Mixture model
![Non-Bayesian Gaussian mixture model using plate notation. Smaller squares indicate fixed parameters; larger circles indicate random variables. Filled-in shapes indicate known values. The indication [K] means a vector of size K.](/uploads/202501/27/Nonbayesian-gaussian-mixture.svg3235.png)
![Bayesian Gaussian mixture model using plate notation. Smaller squares indicate fixed parameters; larger circles indicate random variables. Filled-in shapes indicate known values. The indication [K] means a vector of size K.](/uploads/202501/27/Bayesian-gaussian-mixture.svg3235.png)
![Non-Bayesian categorical mixture model using plate notation. Smaller squares indicate fixed parameters; larger circles indicate random variables. Filled-in shapes indicate known values. The indication [K] means a vector of size K; likewise for [V].](/uploads/202501/27/Nonbayesian-categorical-mixture.svg3236.png)

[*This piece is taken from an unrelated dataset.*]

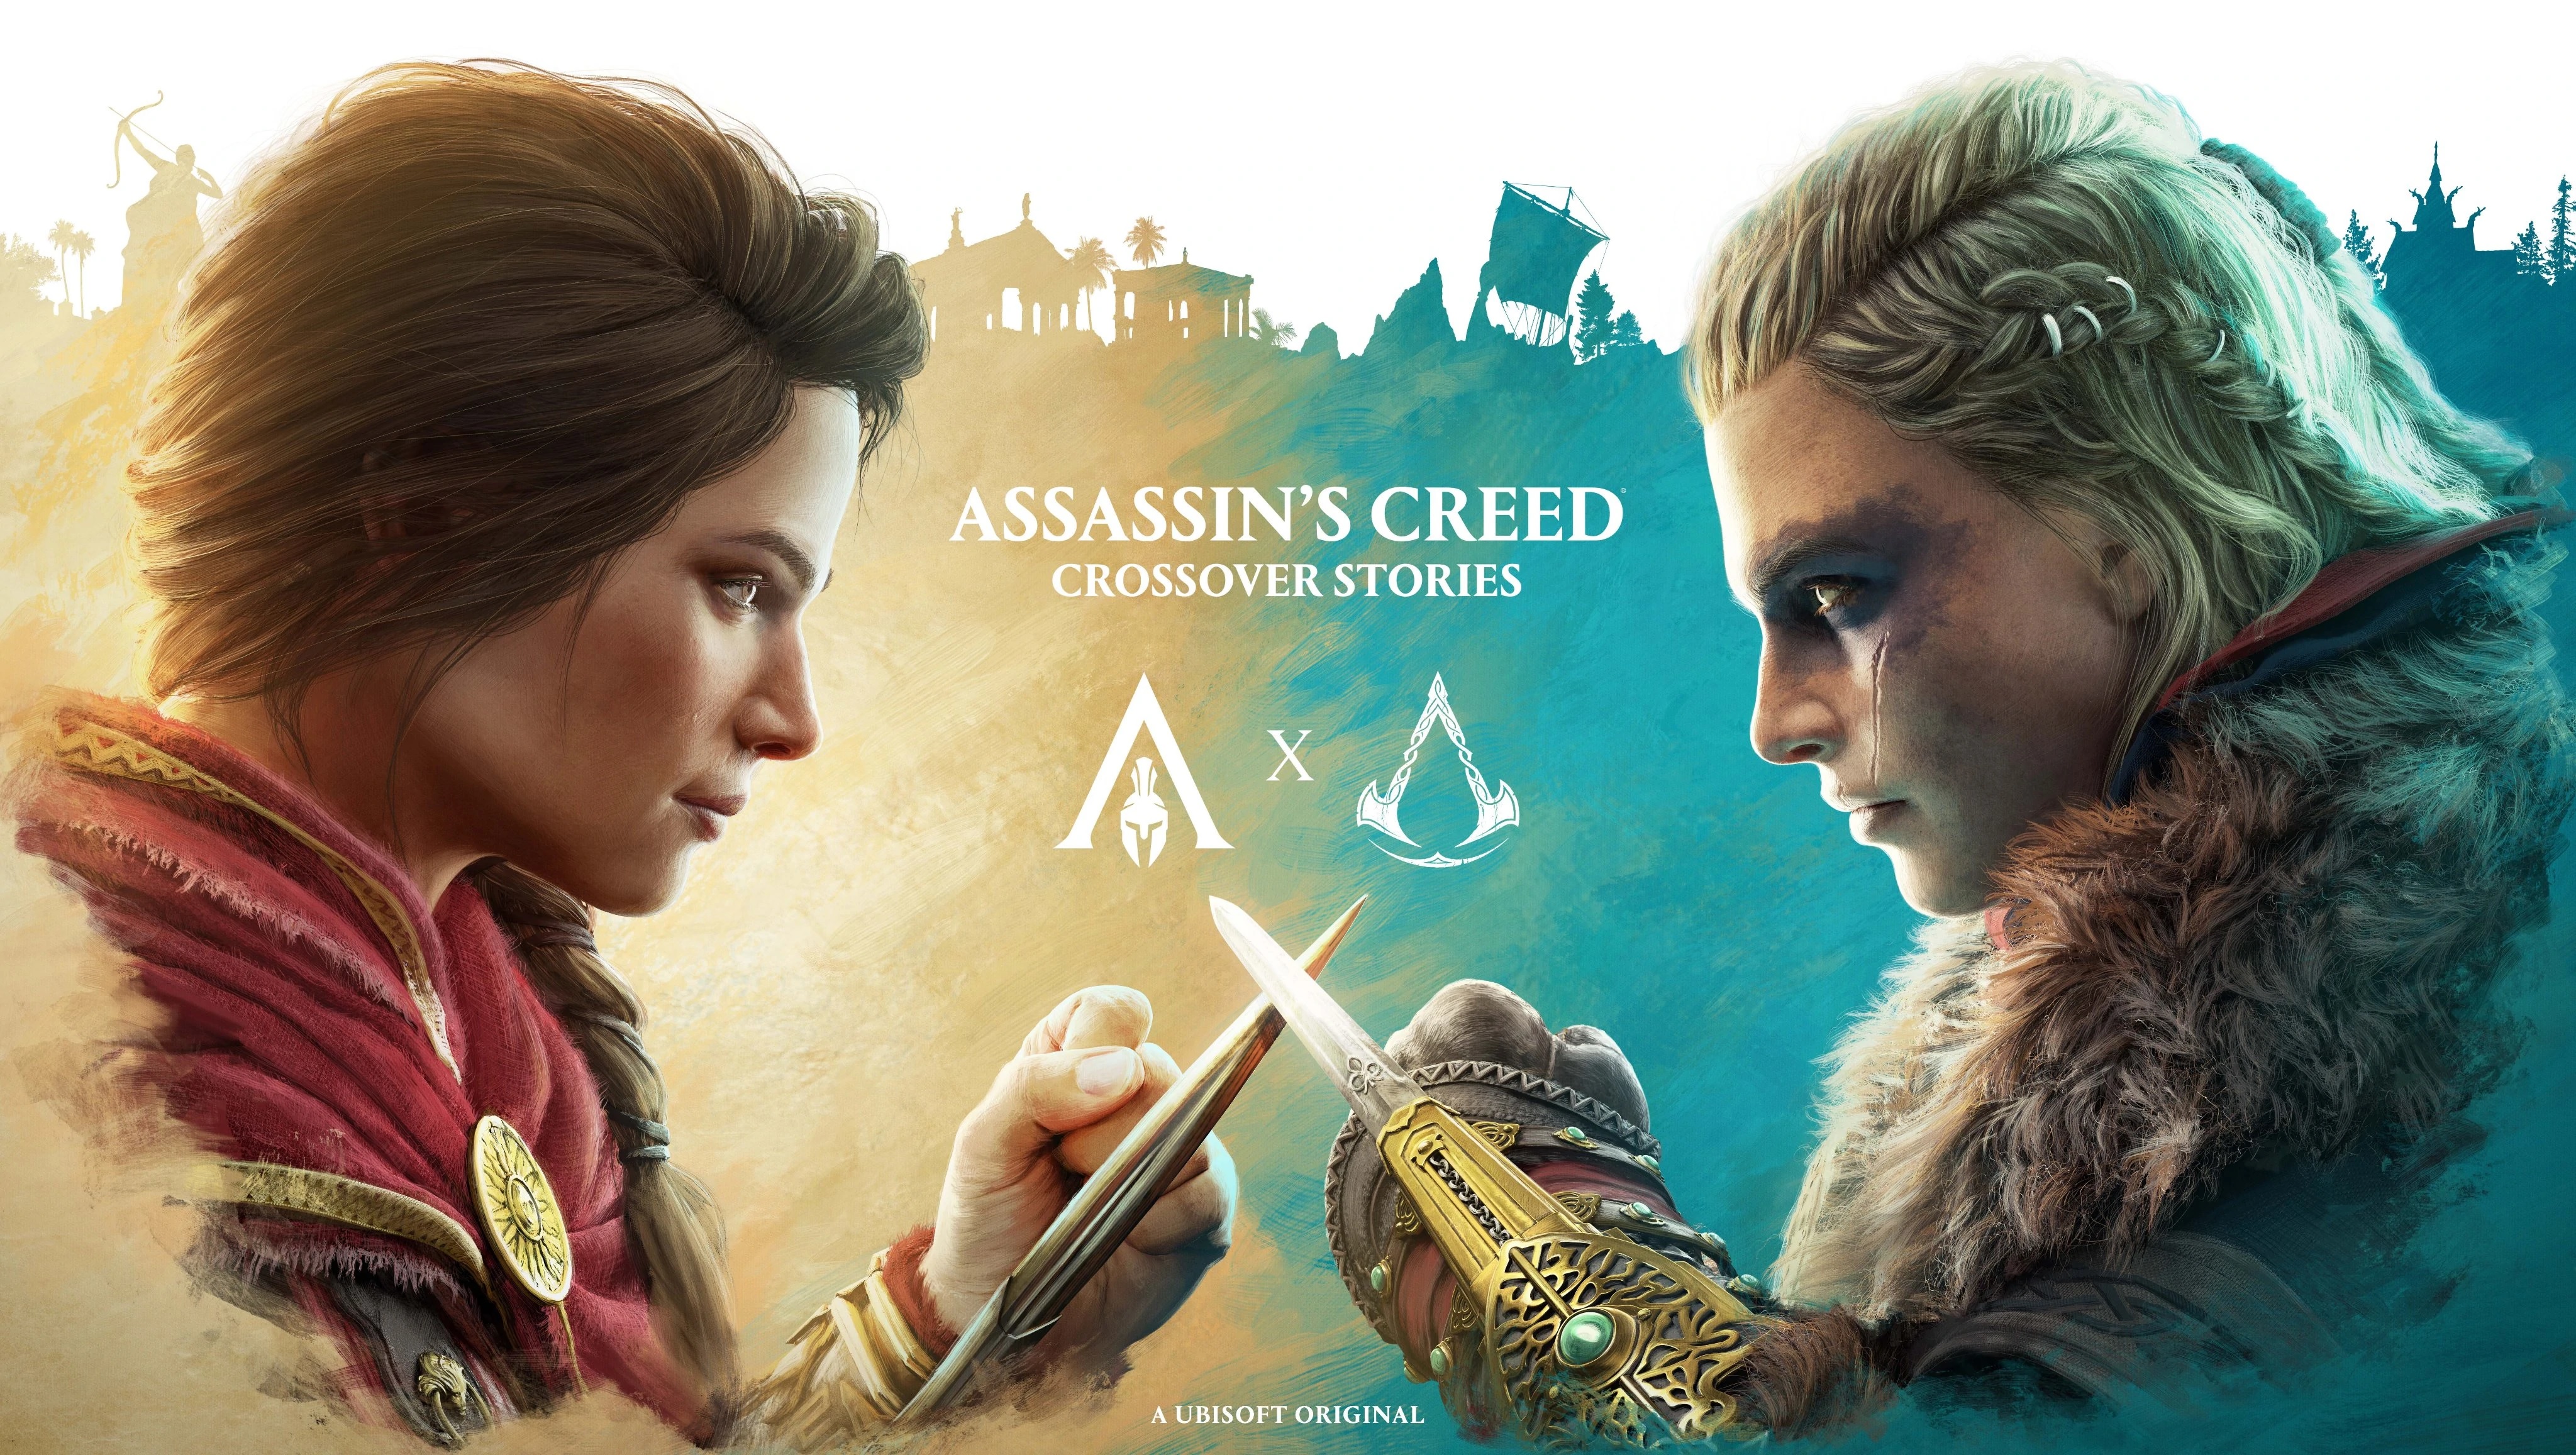 Assassin's Creed Valhalla: Why It's One Of The Franchise's Best - The  Review Crew

![Bayesian categorical mixture model using plate notation. Smaller squares indicate fixed parameters; larger circles indicate random variables. Filled-in shapes indicate known values. The indication [K] means a vector of size K; likewise for [V].](/uploads/202501/27/Bayesian-categorical-mixture.svg3236.png)
In statistics, a mixture model is a probabilistic model for representing the presence of subpopulations within an overall population, without requiring that an observed data set should identify the sub-population to which an individual observation belongs. Formally a mixture model corresponds to the mixture distribution that represents the probability distribution of observations in the overall population. However, while problems associated with "mixture distributions" relate to deriving the properties of the overall population from those of the sub-populations, "mixture models" are used to make statistical inferences about the properties of the sub-populations given only observations on the pooled population, without sub-population identity information.